Background and Summary

In populated regions, wildfires, which are a natural part of many ecosystems, pose a significant threat to the economy, infrastructure, and human health1. As rising temperatures and prolonged droughts continue, studies predict that ongoing climate change will increase the likelihood, duration, and size of future wildfires2,3,4. As a result, appropriate wildfire management strategies are important, and modelling wildfire behavior can be one important tool to mitigate future impact. For their calibration and evaluation, accurate burned area maps with high spatial and temporal accuracy are crucial.

Mapping burned areas is an ongoing field of wildfire research5,6, and oftentimes, burned areas are automatically identified from satellite images after an event ended (e.g.7,8). Non-commercial satellites allow high spatial resolutions (Sentinel-2 and Landsat with up to 10 m), but their revisit time of multiple days limits the temporal resolution of a burned area mapping. As a result, independent of the geographical region, most available burned area datasets with high spatial resolution are temporally static, including only the final burned areas (e.g.9,10,11,12).

While regional and global datasets with regular temporal burned area propagations do exist (e.g.13,14,15), they mostly rely on the same data products derived from MODIS or VIIRS sensors16,17. This limits their spatial accuracy, since the original products have spatial resolutions of 500 m and 375 m, respectively. Additionally, spatial uncertainties due to mixed pixels or small patches are observed, and temporal deviations of multiple days to MODIS active fire detections are known to exist18,19. Openly available wildfire propagation data with both, high spatial and high temporal resolution are sparse and either recorded by ground-based mapping, airplanes, or Unmanned Ariel Vehicles (UAV) (e.g.20,21,22). Since tracking wildfire propagation over multiple days with high accuracies in space and time is time consuming and expensive, it is rarely done. As a result, very few high-resolution datasets for spatiotemporal wildfire propagation exist (e.g.22). Table 1 shows a list of recent datasets that track fire progression in space and time. For every dataset, different traits like the geographical extend, the original data source, spatial and temporal resolution, and individual limitations are provided.

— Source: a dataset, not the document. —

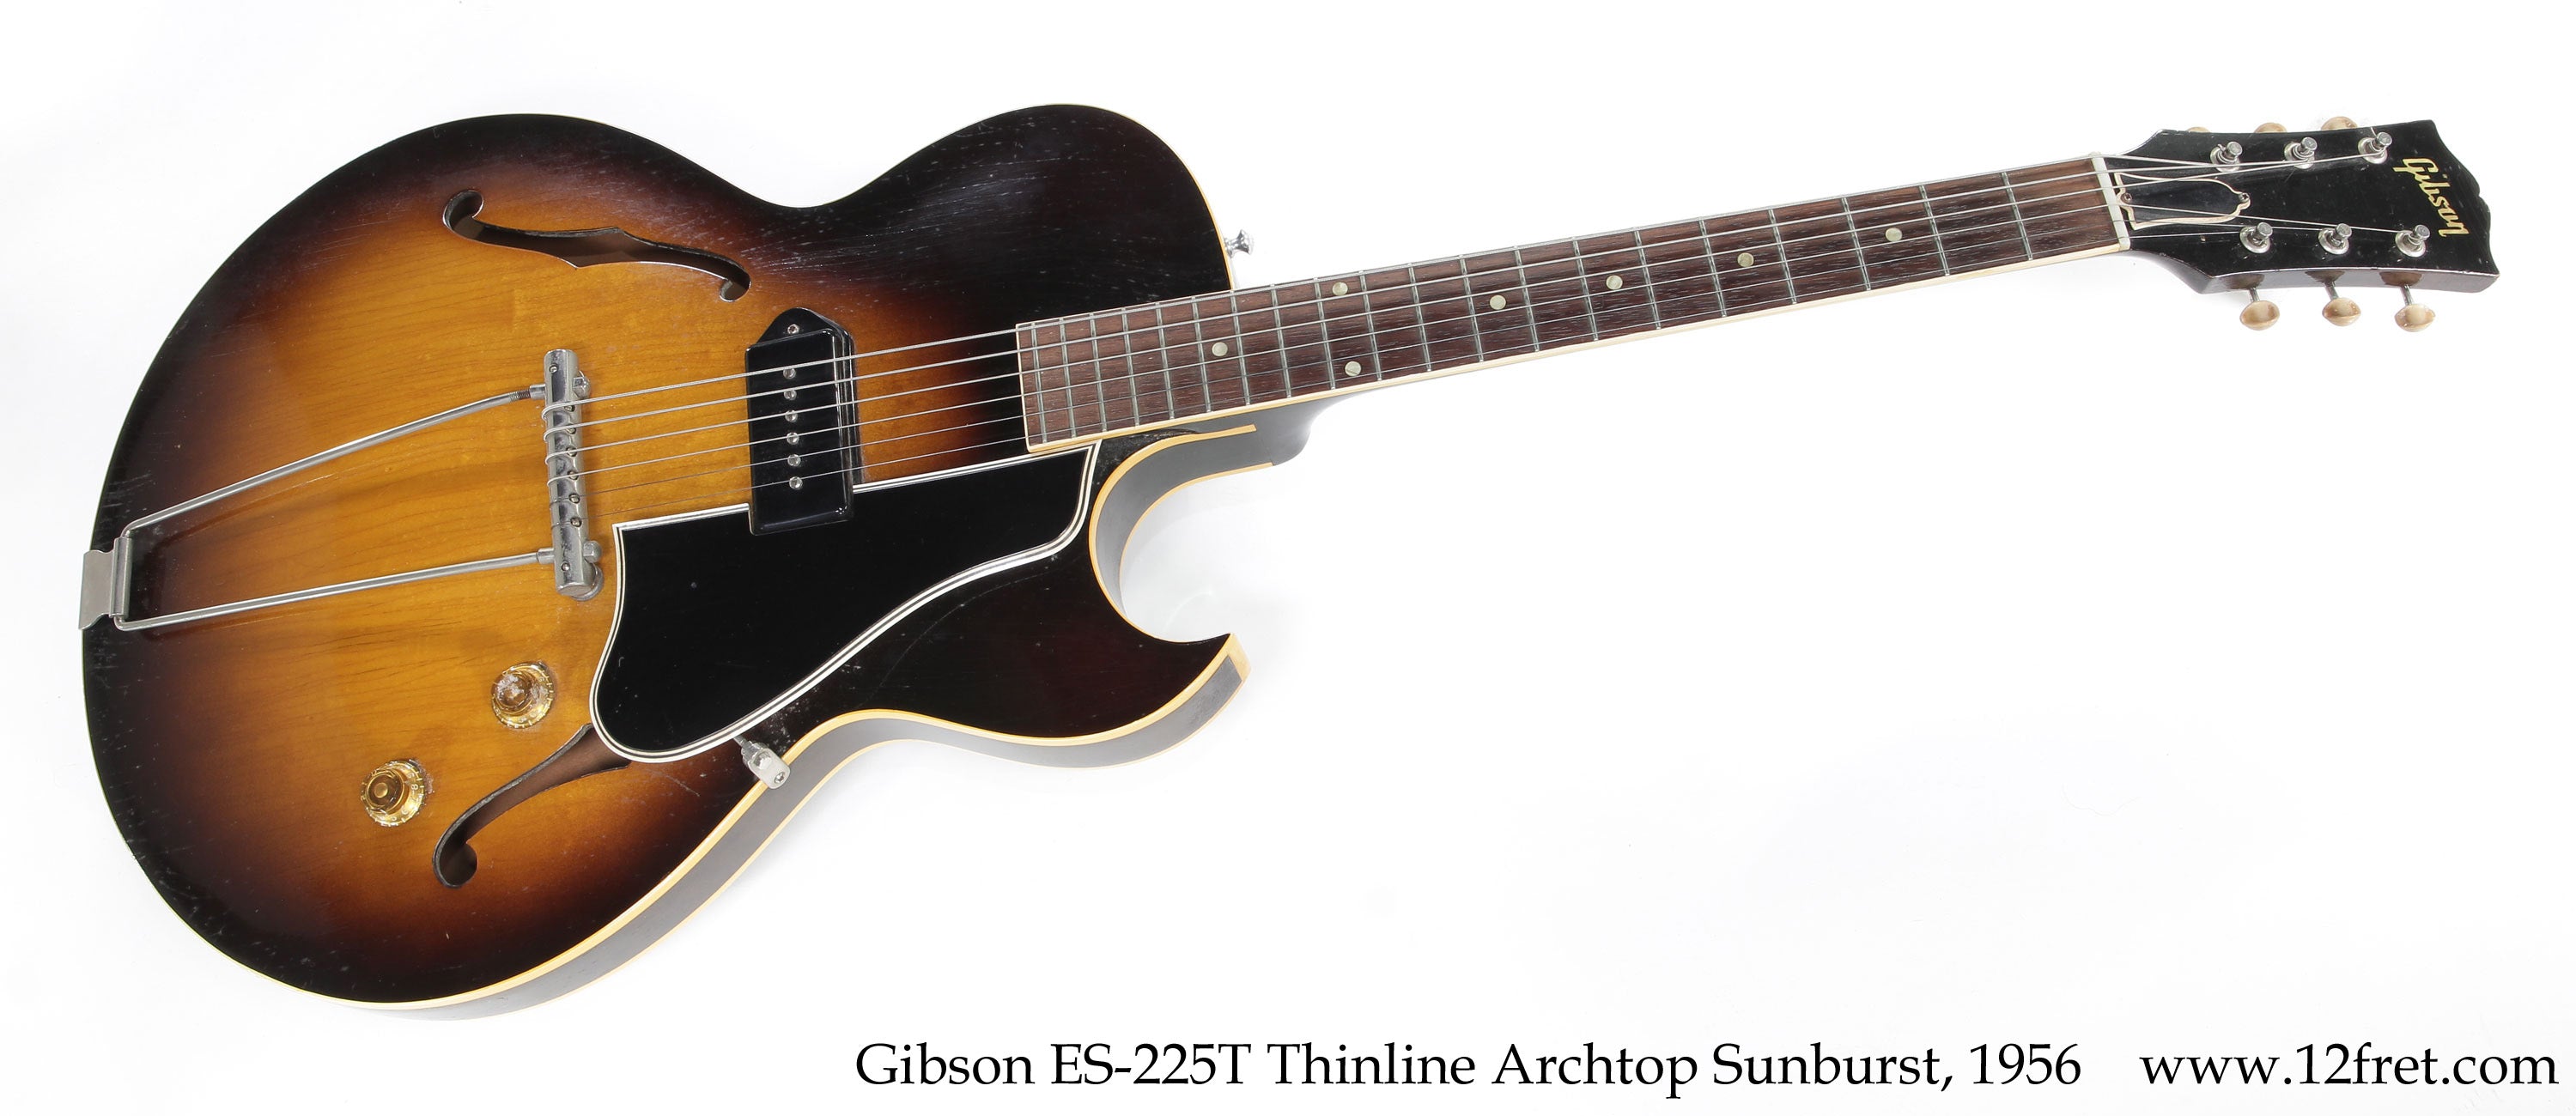 Gibson ES-225T Thinline Archtop Sunburst, 1956  - The Twelfth Fret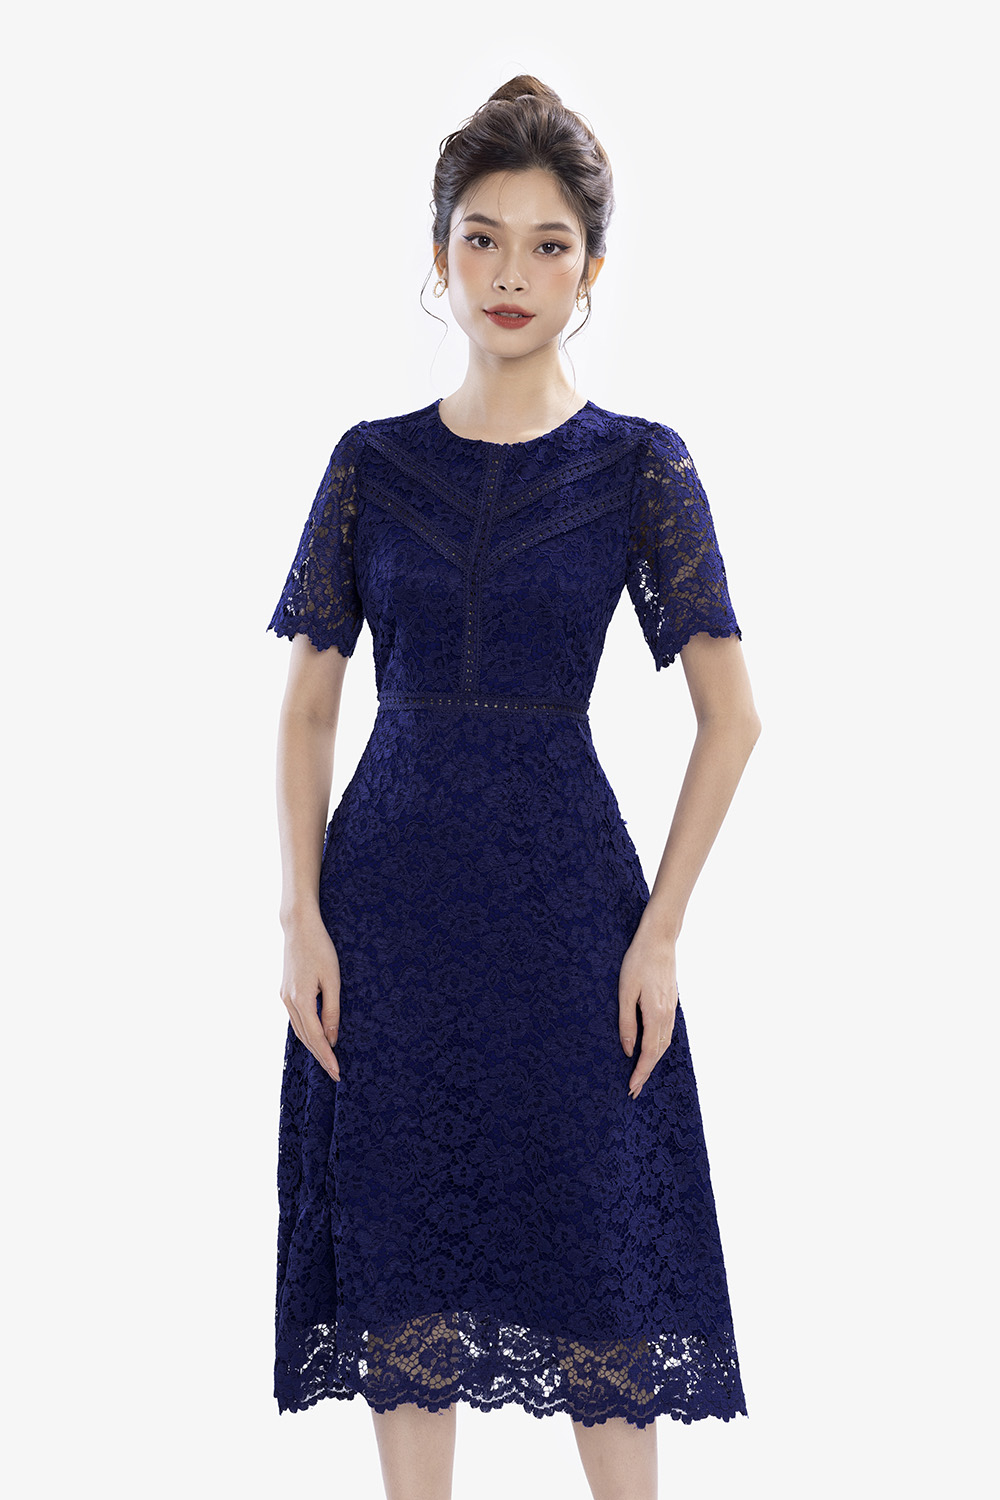 Chân váy xòe công sở màu xanh CV05-14 | Thời trang công sở K&K Fashion

Table 1 List of recent datasets that track the spatiotemporal fire progression in different geographical areas.

To address the displayed gap of available wildfire propagation data with high spatiotemporal accuracy (Table 1), we present FireSpread_MedEU23. This dataset includes the individual propagation steps of 103 wildfire events in Europe and the Mediterranean with high spatial (~3 m) and high temporal (at best daily) resolution. For its creation, we sampled 103 wildfire events from the European Forest Fire Information System (EFFIS) burned area database24,25 and created propagating burned area maps for the complete duration of each sampled wildfire. The sampling process is described in detail in the Methods section. The EFFIS burned area database refers to their real-time updated Burnt Areas database, which includes final burned areas for 40 countries in the geographical extend (24.75°W-45°E, 27°N-72°N). Despite indicated by EFFIS name, the Burnt Areas database does not only include forests, but all kinds of vegetational fires. These are mapped in a semi-automatic procedure, and after visual verification, the final burned areas are derived using MODIS, Sentinel-2, and VIIRS satellite data24.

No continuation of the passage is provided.